The reply should hold only the lines from the one with "Imagen post 2" through the end of the data, each given exactly.

····················

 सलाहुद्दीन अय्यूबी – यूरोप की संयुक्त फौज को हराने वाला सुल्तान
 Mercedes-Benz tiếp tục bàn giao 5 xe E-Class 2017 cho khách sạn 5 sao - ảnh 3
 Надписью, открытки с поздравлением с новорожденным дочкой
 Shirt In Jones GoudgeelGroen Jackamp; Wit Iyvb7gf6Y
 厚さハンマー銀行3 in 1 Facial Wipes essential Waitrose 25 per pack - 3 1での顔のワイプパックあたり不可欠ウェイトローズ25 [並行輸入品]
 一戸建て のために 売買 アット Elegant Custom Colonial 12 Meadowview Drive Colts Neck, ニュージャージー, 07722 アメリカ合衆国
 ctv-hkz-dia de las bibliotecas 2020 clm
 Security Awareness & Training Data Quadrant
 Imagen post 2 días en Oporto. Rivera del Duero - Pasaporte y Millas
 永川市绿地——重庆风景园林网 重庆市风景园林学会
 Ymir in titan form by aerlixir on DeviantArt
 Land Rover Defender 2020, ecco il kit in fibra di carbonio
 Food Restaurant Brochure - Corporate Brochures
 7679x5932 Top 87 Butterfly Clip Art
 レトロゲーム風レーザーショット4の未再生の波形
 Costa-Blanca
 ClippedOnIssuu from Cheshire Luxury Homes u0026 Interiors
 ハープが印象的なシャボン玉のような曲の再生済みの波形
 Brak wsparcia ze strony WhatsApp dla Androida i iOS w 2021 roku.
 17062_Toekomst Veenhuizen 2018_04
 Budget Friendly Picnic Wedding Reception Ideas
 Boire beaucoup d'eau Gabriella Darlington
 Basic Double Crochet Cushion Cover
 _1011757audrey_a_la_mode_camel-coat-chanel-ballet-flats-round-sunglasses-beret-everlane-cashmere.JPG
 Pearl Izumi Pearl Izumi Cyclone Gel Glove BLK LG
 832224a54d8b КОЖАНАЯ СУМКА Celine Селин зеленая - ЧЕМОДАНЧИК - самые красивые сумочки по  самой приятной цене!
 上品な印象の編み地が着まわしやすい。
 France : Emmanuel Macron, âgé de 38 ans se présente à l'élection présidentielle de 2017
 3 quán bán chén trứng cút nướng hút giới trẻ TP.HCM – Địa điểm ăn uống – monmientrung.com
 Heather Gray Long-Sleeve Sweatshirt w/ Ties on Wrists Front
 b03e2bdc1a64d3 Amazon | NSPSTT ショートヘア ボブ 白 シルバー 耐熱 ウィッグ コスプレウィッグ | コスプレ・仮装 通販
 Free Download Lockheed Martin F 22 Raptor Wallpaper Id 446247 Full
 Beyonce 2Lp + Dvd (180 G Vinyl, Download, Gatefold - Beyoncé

····················

### [Completed exercise]
 Imagen post 2 días en Oporto. Rivera del Duero - Pasaporte y Millas
 永川市绿地——重庆风景园林网 重庆市风景园林学会
 Ymir in titan form by aerlixir on DeviantArt
 Land Rover Defender 2020, ecco il kit in fibra di carbonio
 Food Restaurant Brochure - Corporate Brochures
 7679x5932 Top 87 Butterfly Clip Art
 レトロゲーム風レーザーショット4の未再生の波形
 Costa-Blanca
 ClippedOnIssuu from Cheshire Luxury Homes u0026 Interiors
 ハープが印象的なシャボン玉のような曲の再生済みの波形
 Brak wsparcia ze strony WhatsApp dla Androida i iOS w 2021 roku.
 17062_Toekomst Veenhuizen 2018_04
 Budget Friendly Picnic Wedding Reception Ideas
 Boire beaucoup d'eau Gabriella Darlington
 Basic Double Crochet Cushion Cover
 _1011757audrey_a_la_mode_camel-coat-chanel-ballet-flats-round-sunglasses-beret-everlane-cashmere.JPG
 Pearl Izumi Pearl Izumi Cyclone Gel Glove BLK LG
 832224a54d8b КОЖАНАЯ СУМКА Celine Селин зеленая - ЧЕМОДАНЧИК - самые красивые сумочки по  самой приятной цене!
 上品な印象の編み地が着まわしやすい。
 France : Emmanuel Macron, âgé de 38 ans se présente à l'élection présidentielle de 2017
 3 quán bán chén trứng cút nướng hút giới trẻ TP.HCM – Địa điểm ăn uống – monmientrung.com
 Heather Gray Long-Sleeve Sweatshirt w/ Ties on Wrists Front
 b03e2bdc1a64d3 Amazon | NSPSTT ショートヘア ボブ 白 シルバー 耐熱 ウィッグ コスプレウィッグ | コスプレ・仮装 通販
 Free Download Lockheed Martin F 22 Raptor Wallpaper Id 446247 Full
 Beyonce 2Lp + Dvd (180 G Vinyl, Download, Gatefold - Beyoncé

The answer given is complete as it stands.